Excited Charalambos Mylonas in his message to the friends of the company emphasized that: "The road of shipping is not easy. We fought it with courage and determination. I declare that with any means I will not retire being present in the next 50 years of Transmed".
He thanked his wife Hariklia, his daughters Katerina and Nicole, his son-in-law Ilias Angelakos who all have successfully taken over the reins of the business.
He also thanked all the friends and associates who welcomed them in Greece working hard for 50 years with understanding and mutual benefit.
Extensive reference was made to the contribution of Charalambos Mylonas as president of the Cypriot Shipowners' Union where in 1981 a collective agreement was signed with ITF implemented on Cypriot-flagged ships.

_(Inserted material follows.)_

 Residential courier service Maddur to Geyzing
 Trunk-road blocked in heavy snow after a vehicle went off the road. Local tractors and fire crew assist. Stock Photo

Other emblematic milestones of Transmed were the company’s certification with the ISM Code, the first orders of newbuilding vessels in 1996 and the social contribution of Mylonas family which includes the establishment of the Palliative Care Centre "GALILEE" in the area of responsibility of the Holy Metropolis of Mesogaia and Lavreotiki for terminally III cancer and ALS patients, and the construction and restoration of churches in Kastellorizo, Agathonisi and Jerusalem in the Holy Sepulcher.
Looking forward, Transmed will continue to make its way through calm and choppy seas, always guided by its legacy of perseverance, innovation and strive for excellence.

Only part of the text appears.